■ Instructions for the task: Leave the pictures behind and reproduce every line of the listing exactly.

■ Data extract:
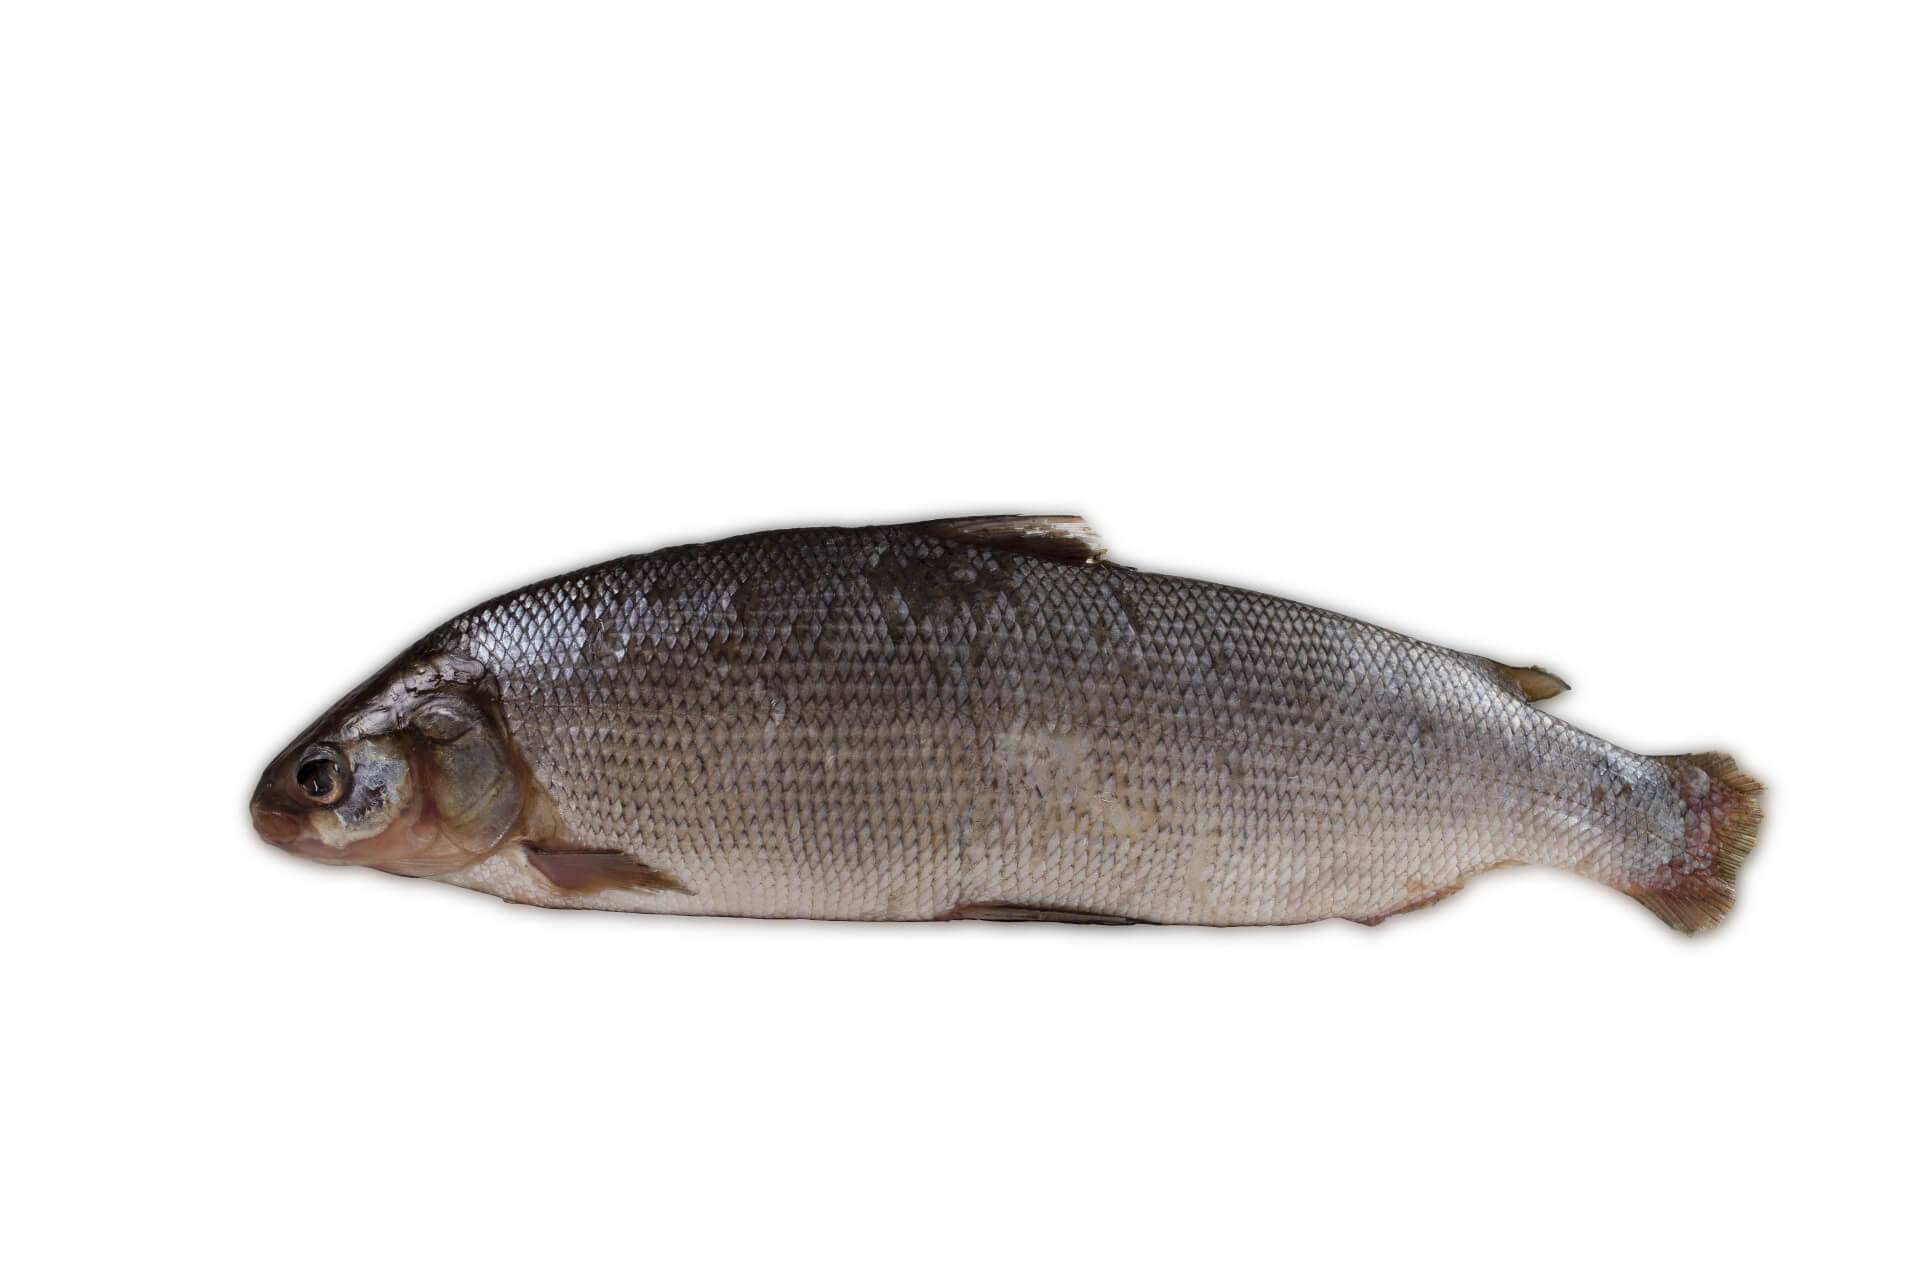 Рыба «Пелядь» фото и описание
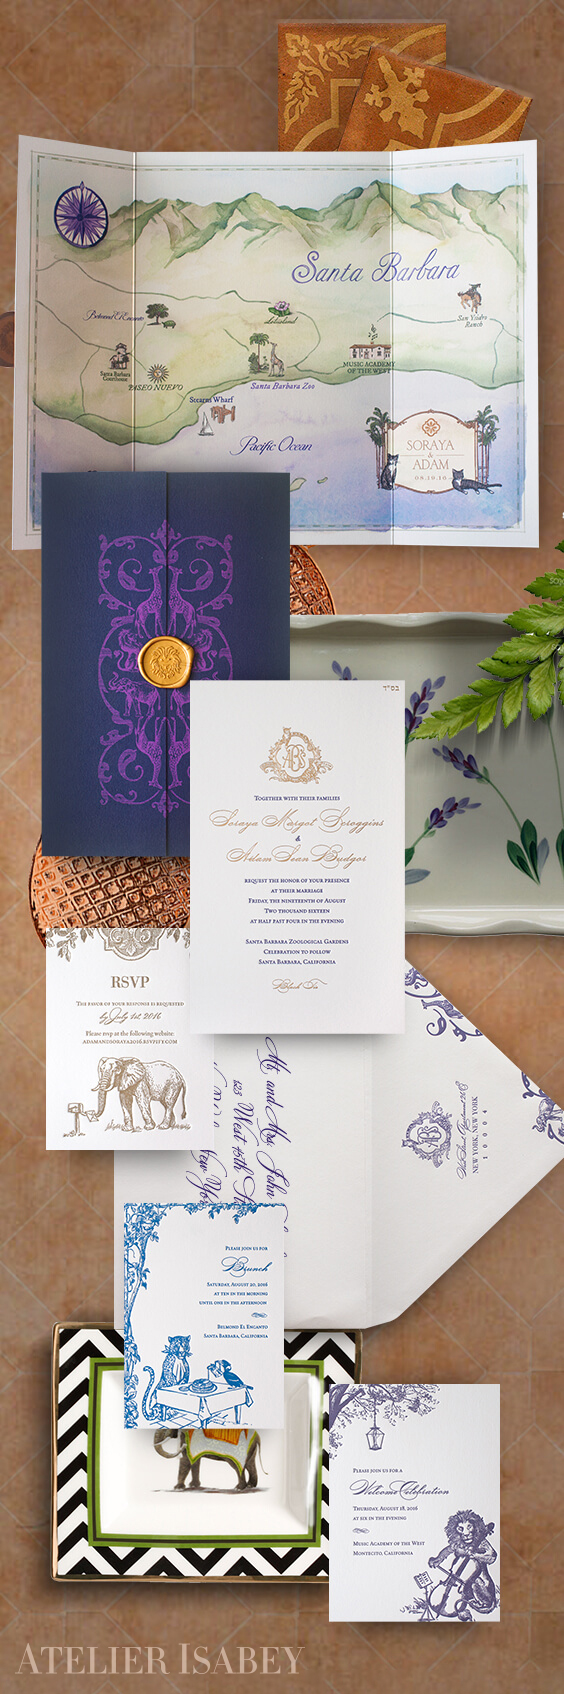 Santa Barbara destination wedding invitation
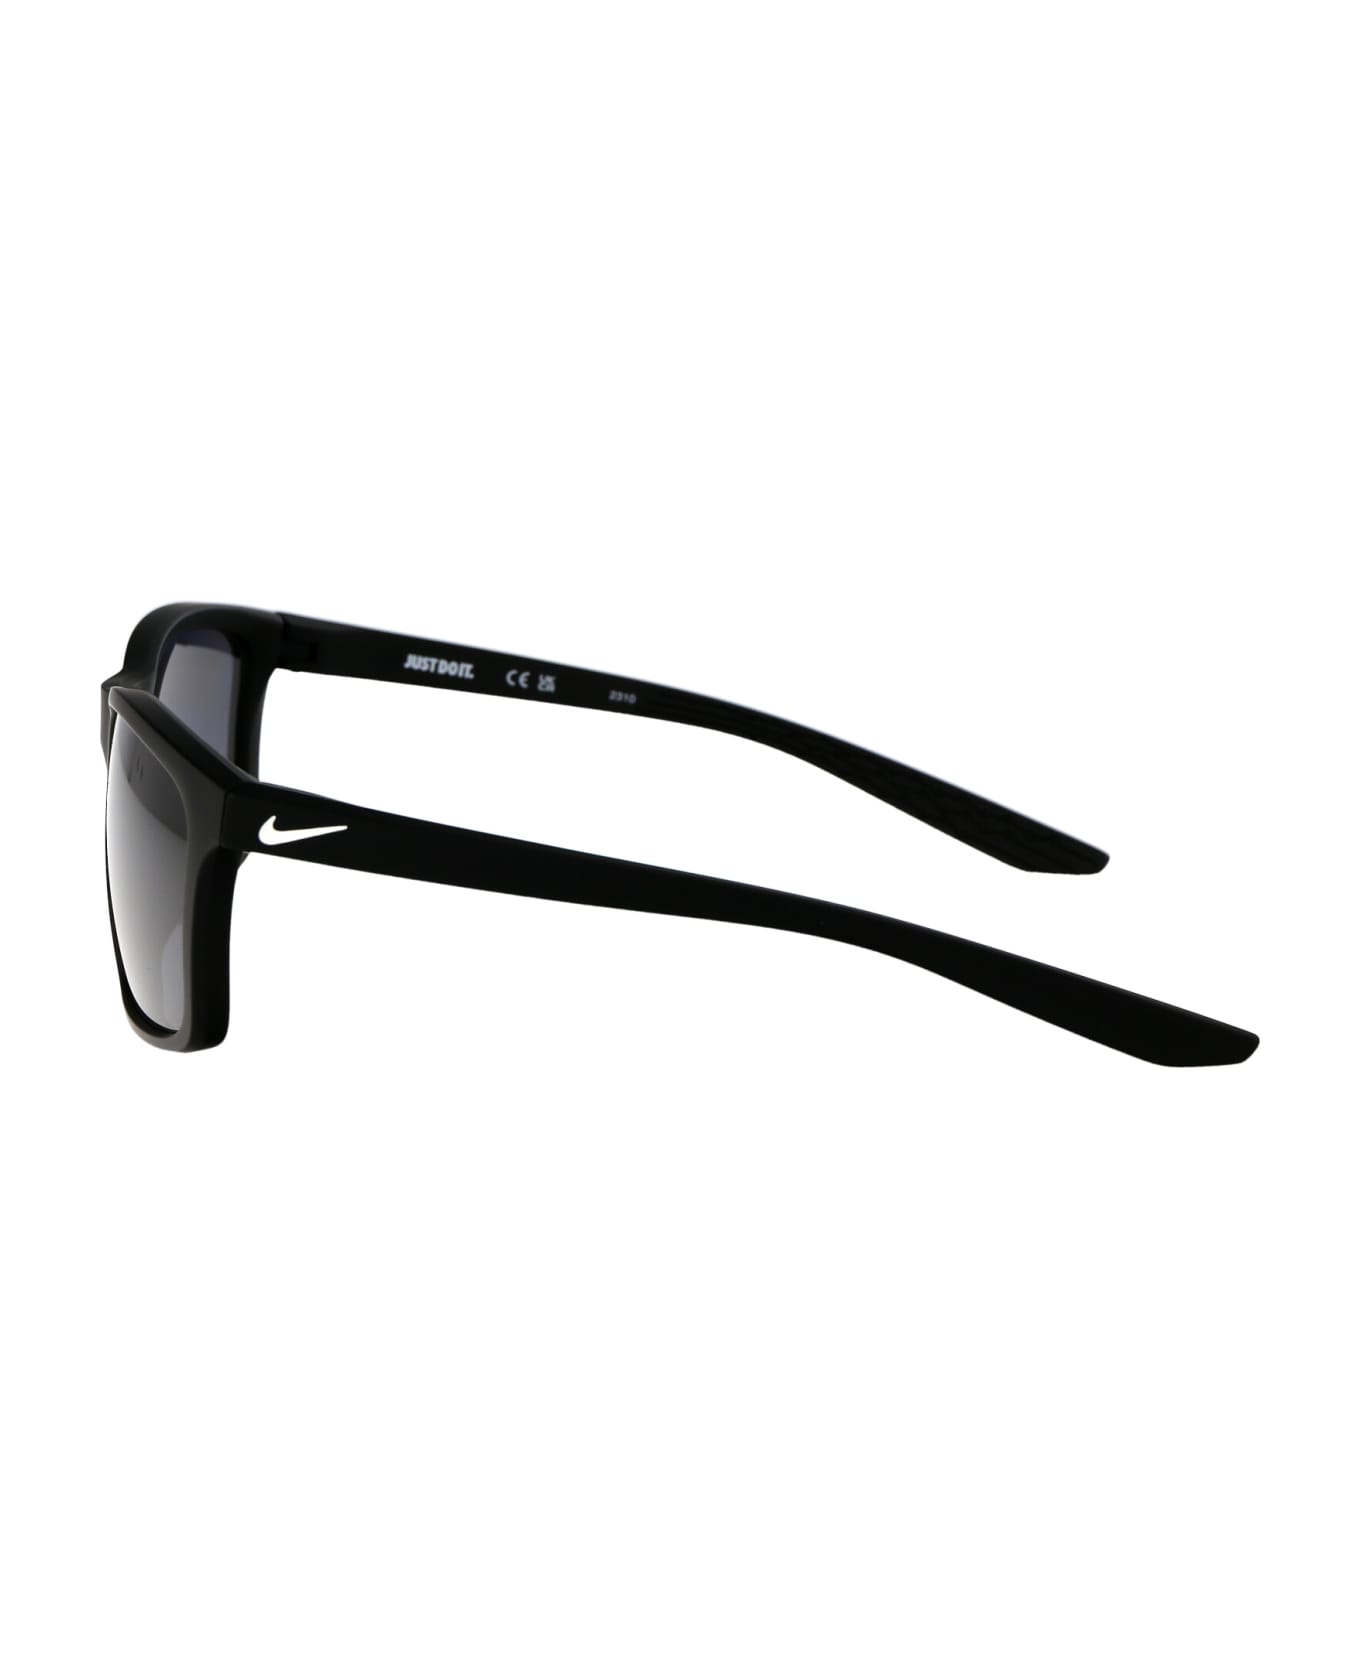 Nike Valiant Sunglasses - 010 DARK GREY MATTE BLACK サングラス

■ Output for this task:
 Рыба «Пелядь» фото и описание
 Santa Barbara destination wedding invitation
 Nike Valiant Sunglasses - 010 DARK GREY MATTE BLACK サングラス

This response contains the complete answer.